By Karen Graham     Mar 23, 2018 in Politics
As first responders and residents struggled to save lives and property during the record-shattering deluge of Hurricane Harvey, the release of toxic chemicals was largely overlooked. But now we are finding out the truth was kept from the public.
When Hurricane Harvey came ashore in September 2017, no one really was prepared for the horrendous amount of rainfall, winds, deaths and destruction the storm left in its aftermath.
First responders were working to save lives, yet they also worried not only about the damage being done by the wind and the devastating rains but about a problem unique to Houston - The petrochemical industry, because after all, the city is one of the country's leading chemical capitals.
With flooded houses  totaled cars  downed power grids and damaged infrastructure  rebuilding from Ha...
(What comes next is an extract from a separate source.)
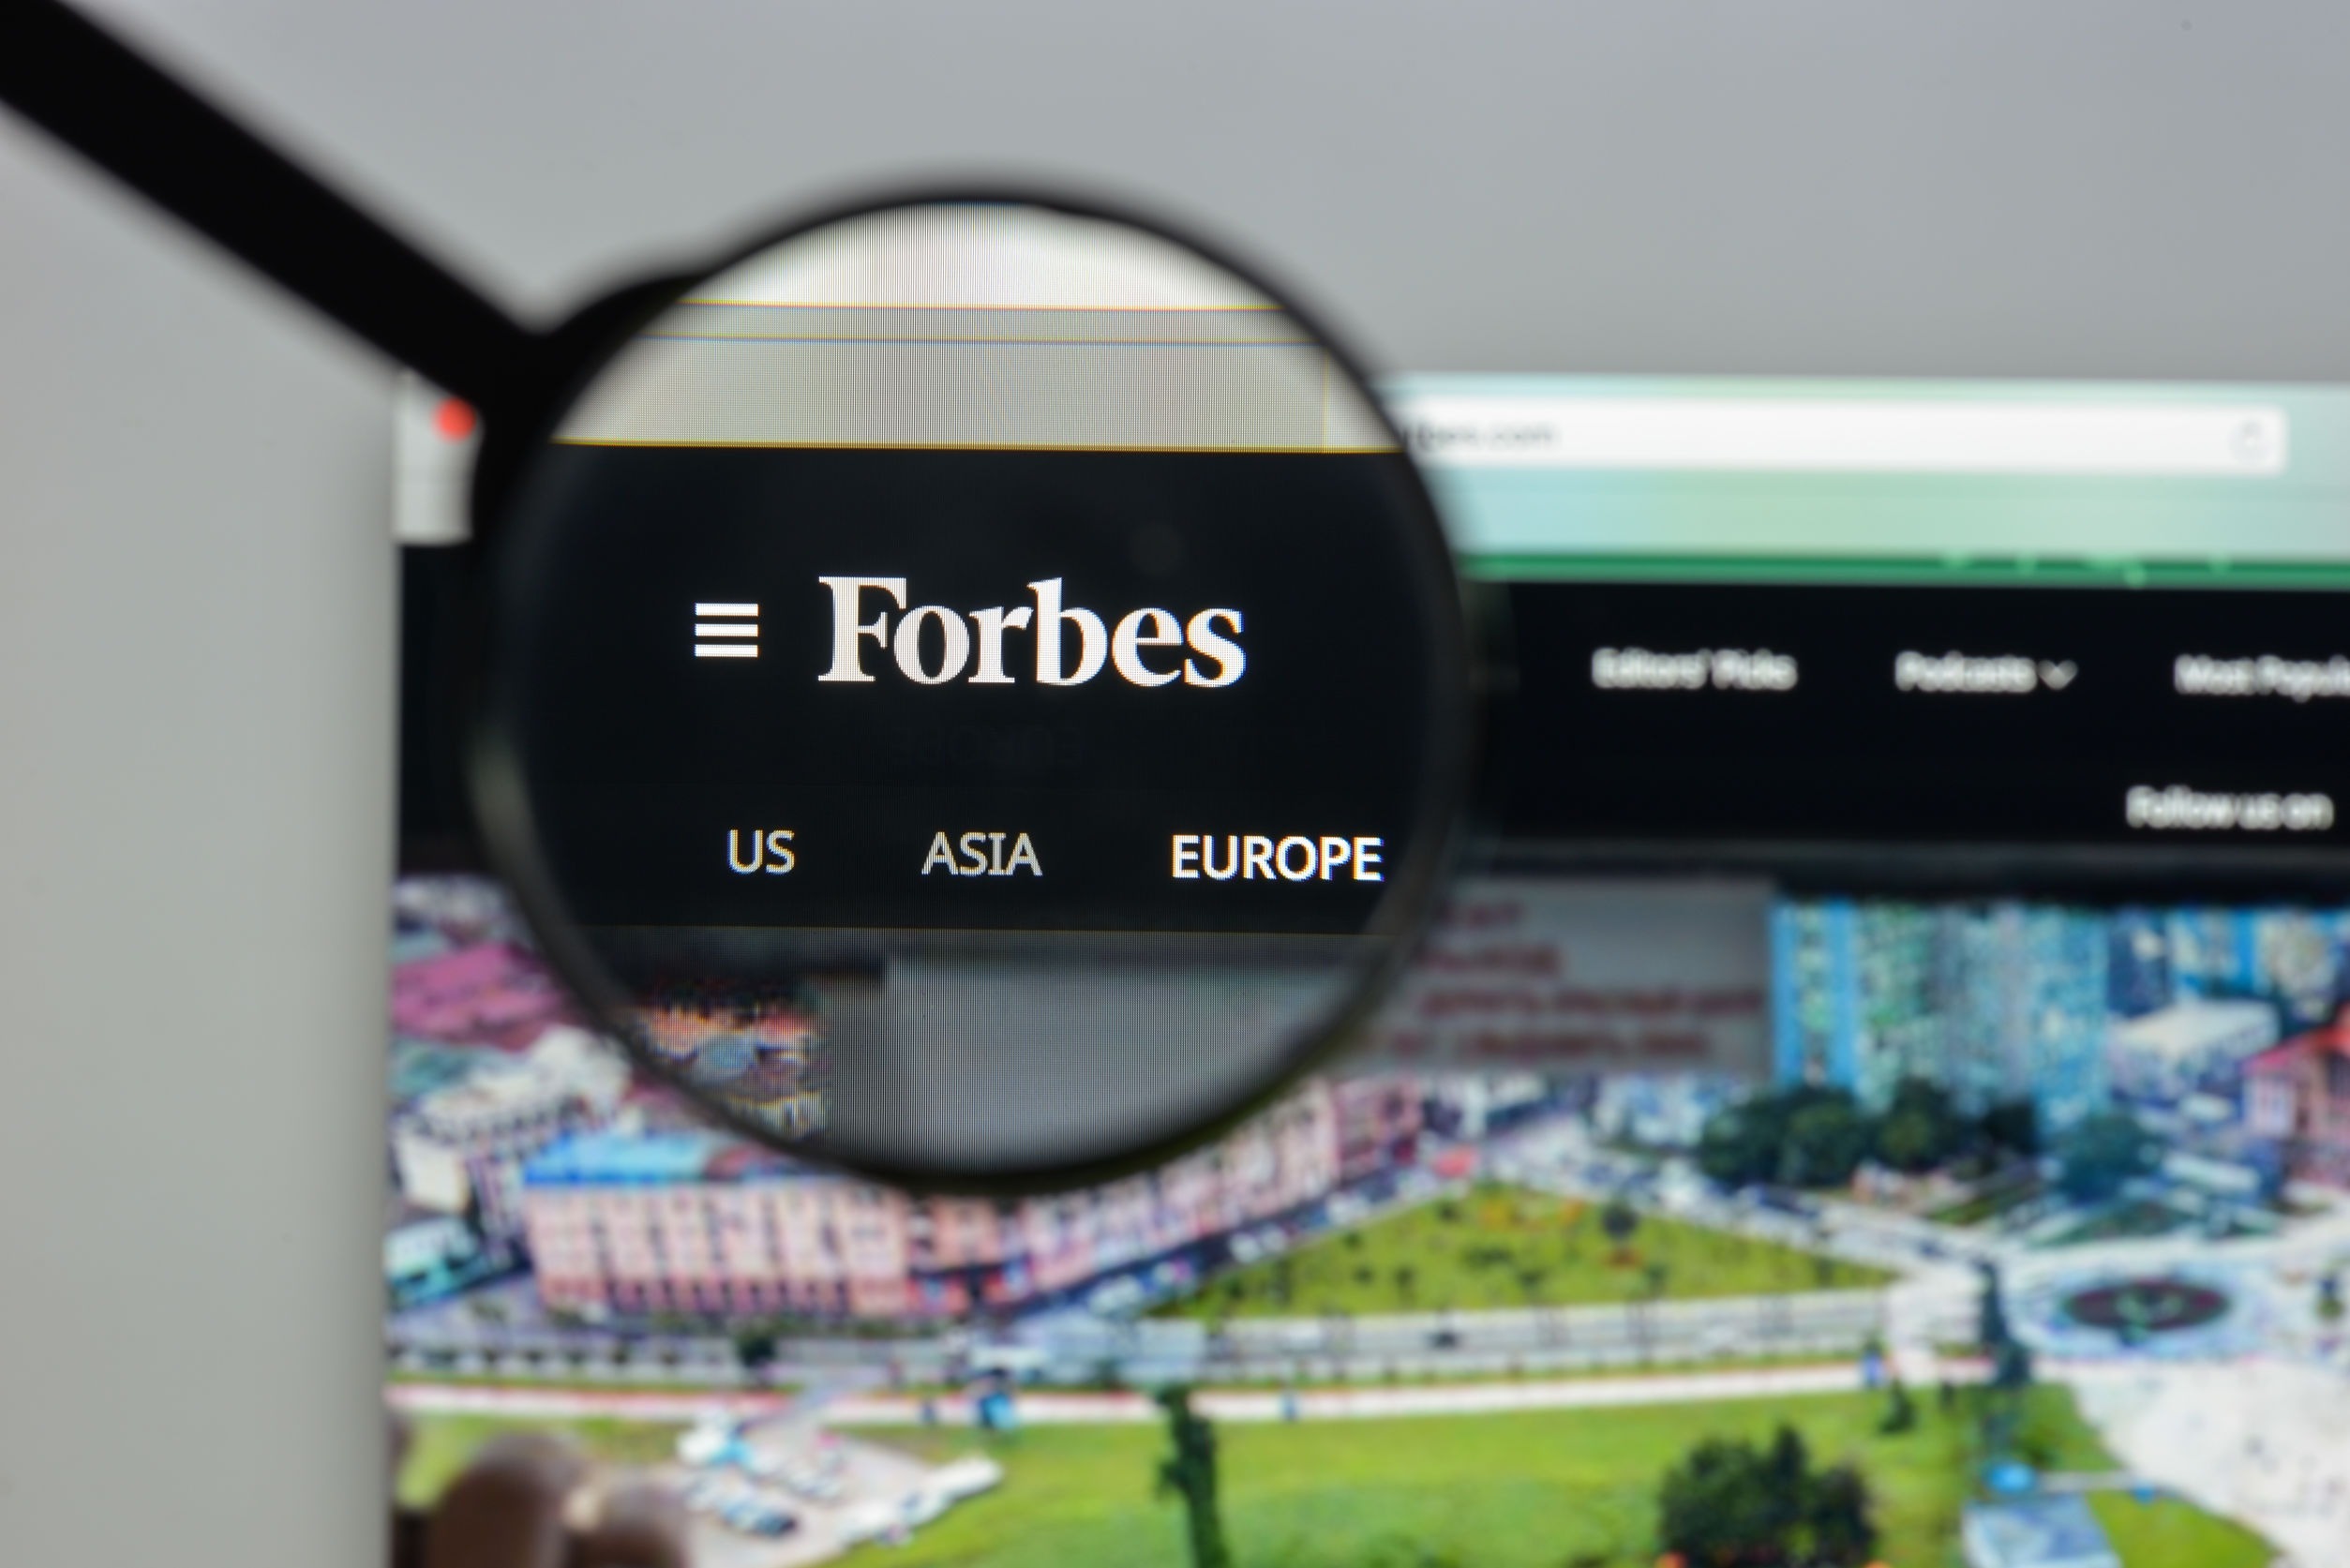 Forbes-statement-PR-implications
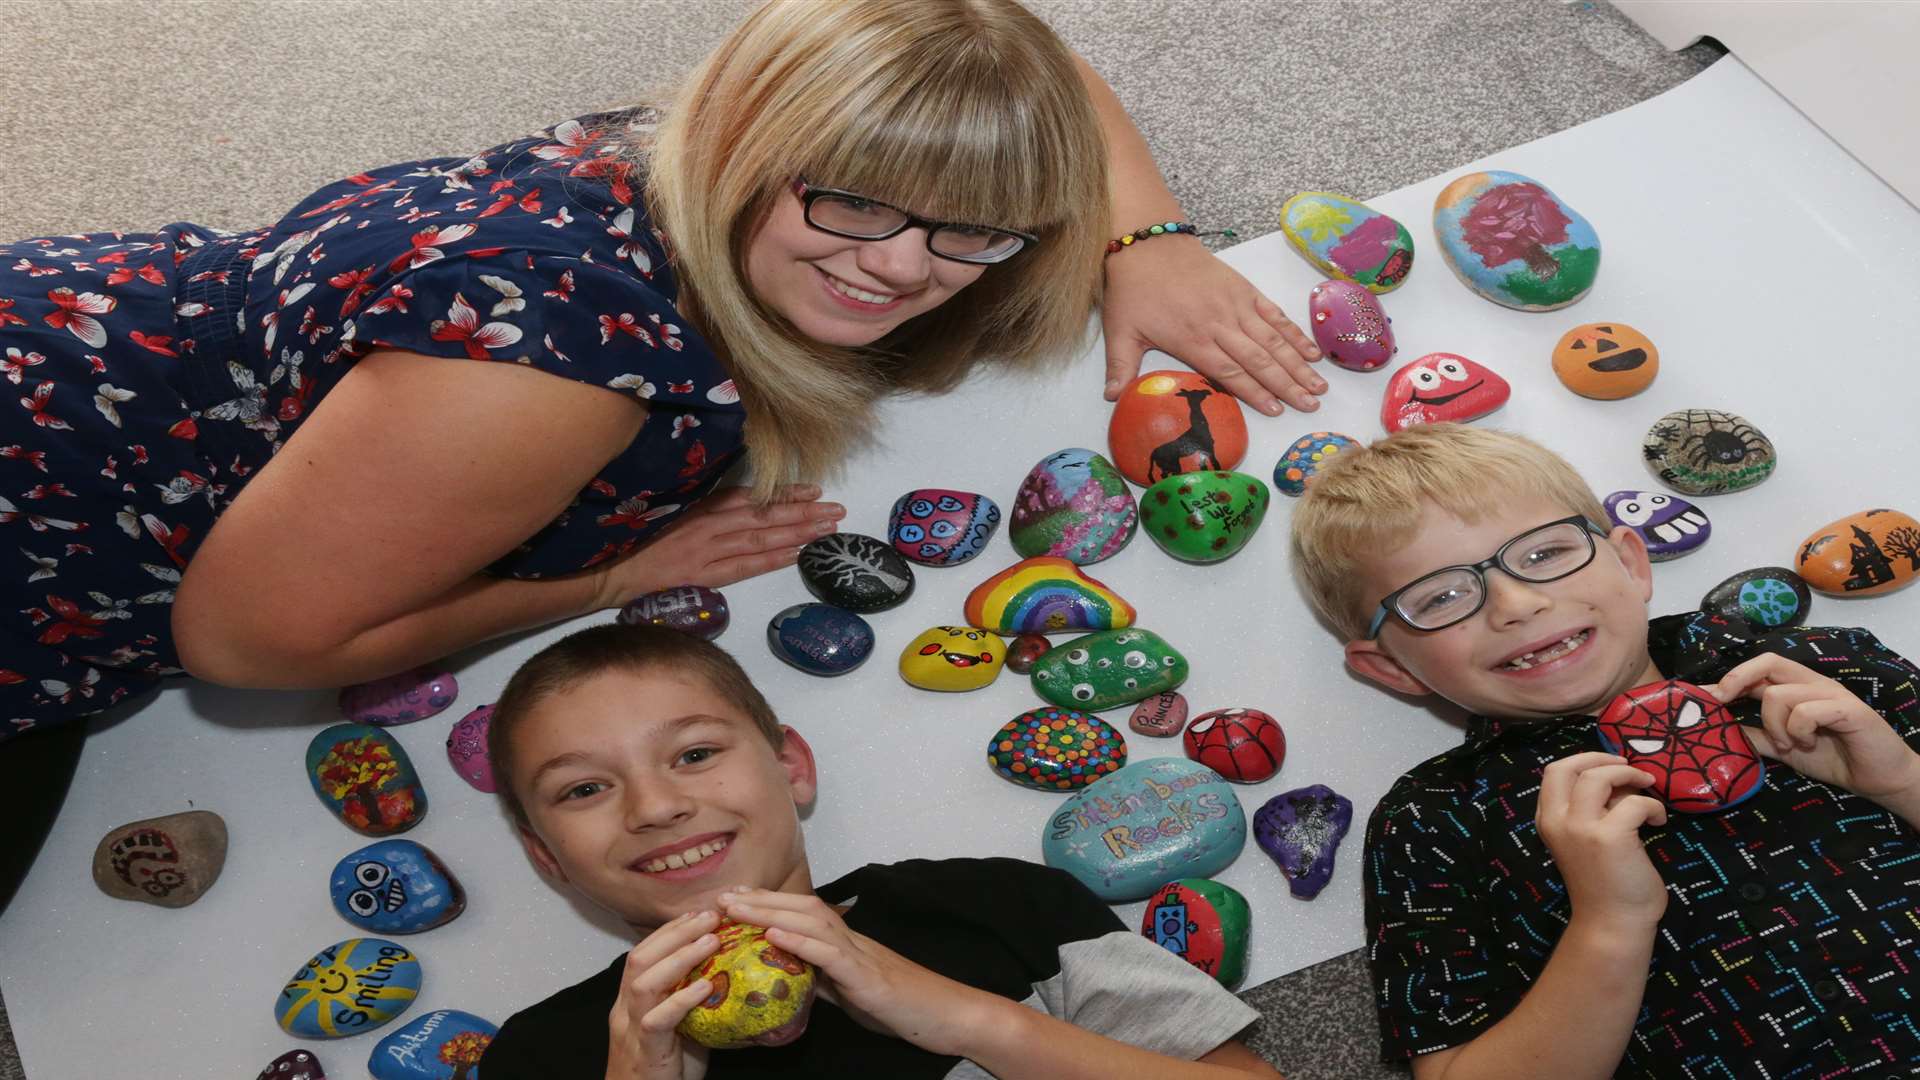 The family have painted rocks and plan to hide them around Sttingbourne

With flooded houses, totaled cars, downed power grids and damaged infrastructure, rebuilding from Harvey, which struck southeast Texas and part of Louisiana, will require large-scale mobilization
Brendan Smialowski, AFP
Yes, there were a couple stories about the release of toxic chemicals - like the well-publicized Arkema chemical plant explosion northeast of Houston that blew several times and burned for days and a nearby dioxin-laden federal Superfund site whose protective cap was damaged by the raging San Jacinto River.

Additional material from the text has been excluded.